『チップス先生さようなら』という作品があるのを知っている人は少なくないでしょう。1934(昭和9)年に英国の作家、ジェームズ・ヒルトン(1900~1954)が発表した作品の邦題です。
日本でこの作品が出版されたときからこの題であったかどうか、私は確認していません。原題は”Goodbye, Mr. Chips”です。
私は小説で本作を読んだことはありません。
本作はこれまでに何度か映像化されていますが、その中で、二本の映画が有名です。
私は、ピーター・オトゥール(1932~2013)がチップス先生を演じた映画作品があることは知っていましたが、これまで、全編を通して見たことがありませんでした。
その、オトゥール版の『チップス先生さようなら』(1969)が今週の木曜日(2日)にNHK BSプレミアムで放送されるのを知り、録画して見ました。
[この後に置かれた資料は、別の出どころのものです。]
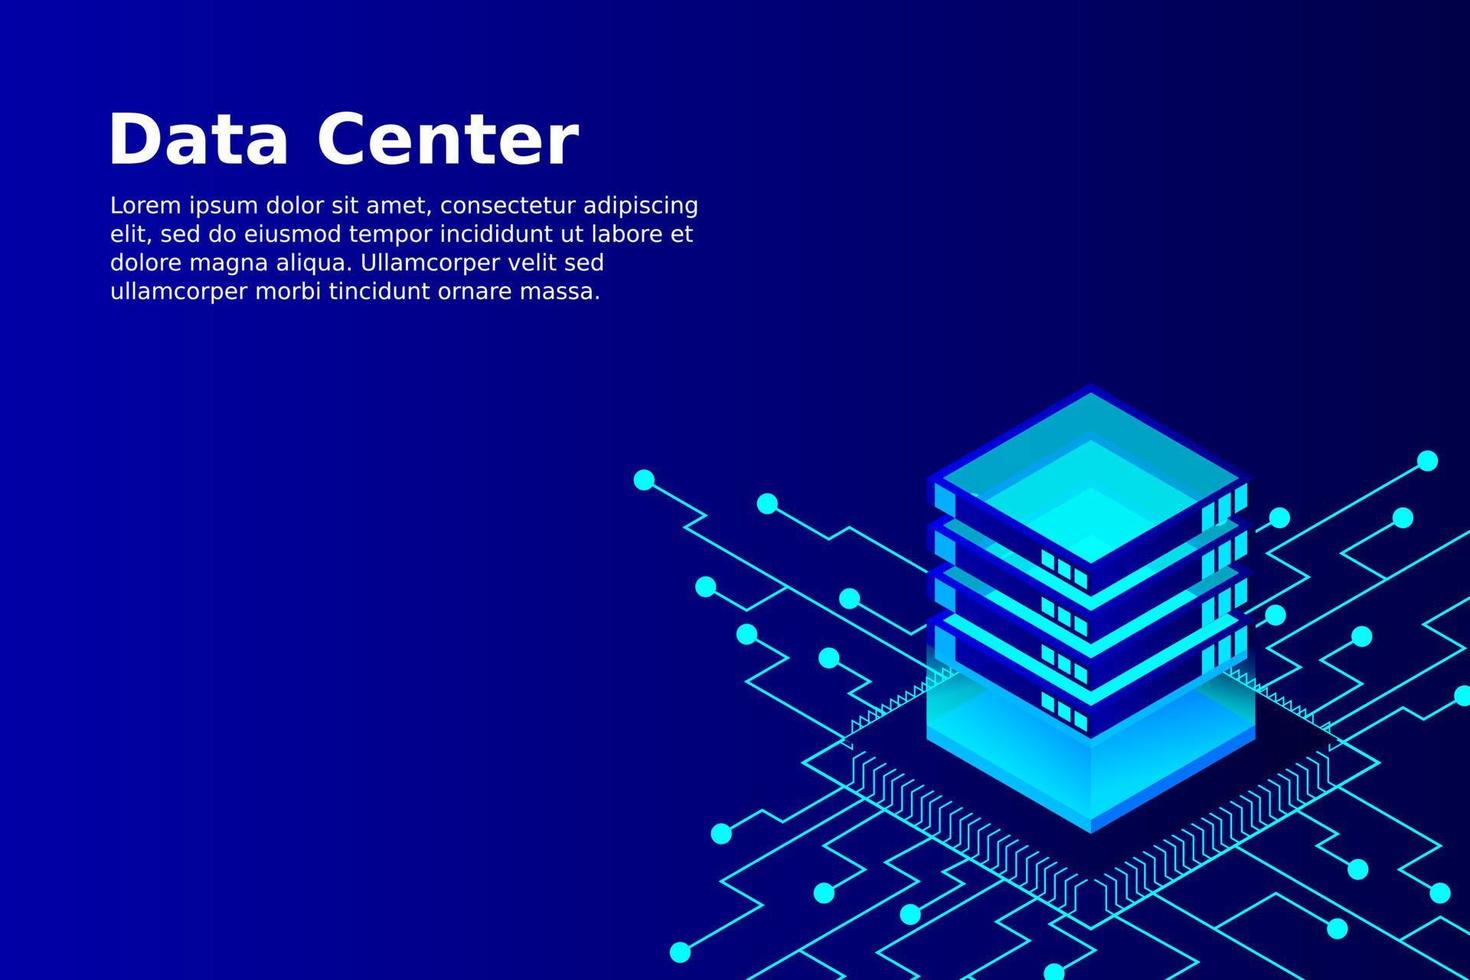 Konzept der Big-Data-Verarbeitungsenergiestation des zukünftigen Serverraum-Rack-Rechenzentrums vektor
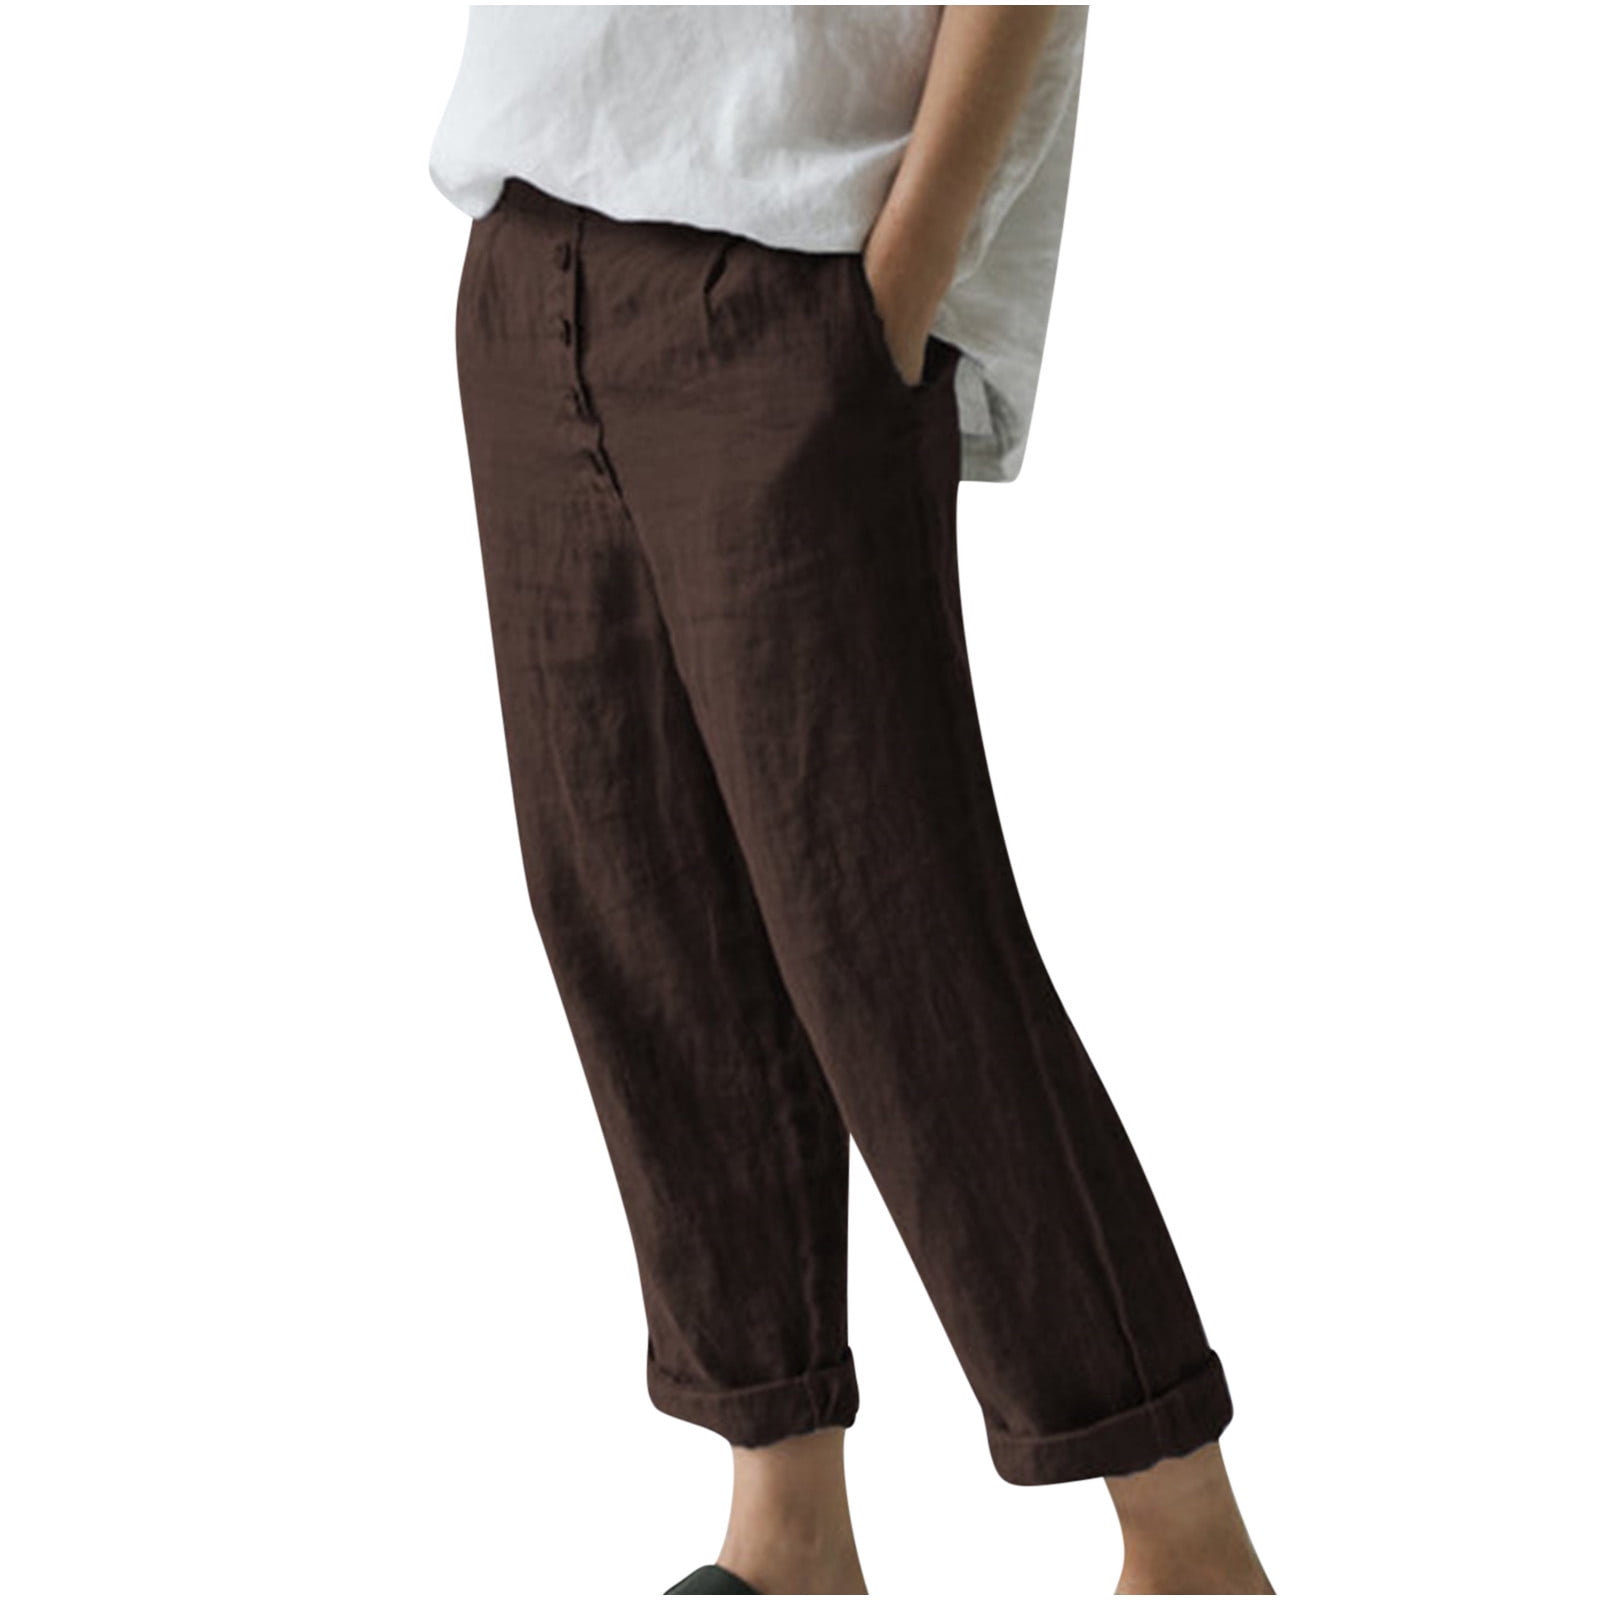 qILAKOG Linen Pants For Women, Women Casual Solid Cotton Linen Pants ...

ネットの事典ウィキペディアで小説の本作の内容を確認すると、映画になった作品は、設定をかなり変えているのがわかります。それでも、チップス先生の個性はそのまま引き継ぎ、映像化されている印象です
オトゥール版の『チップス_』はミュージカル仕立てになっています。といっても、イメージするようなミュージカル映画ではなく、ところどころで歌が歌われるような作りです。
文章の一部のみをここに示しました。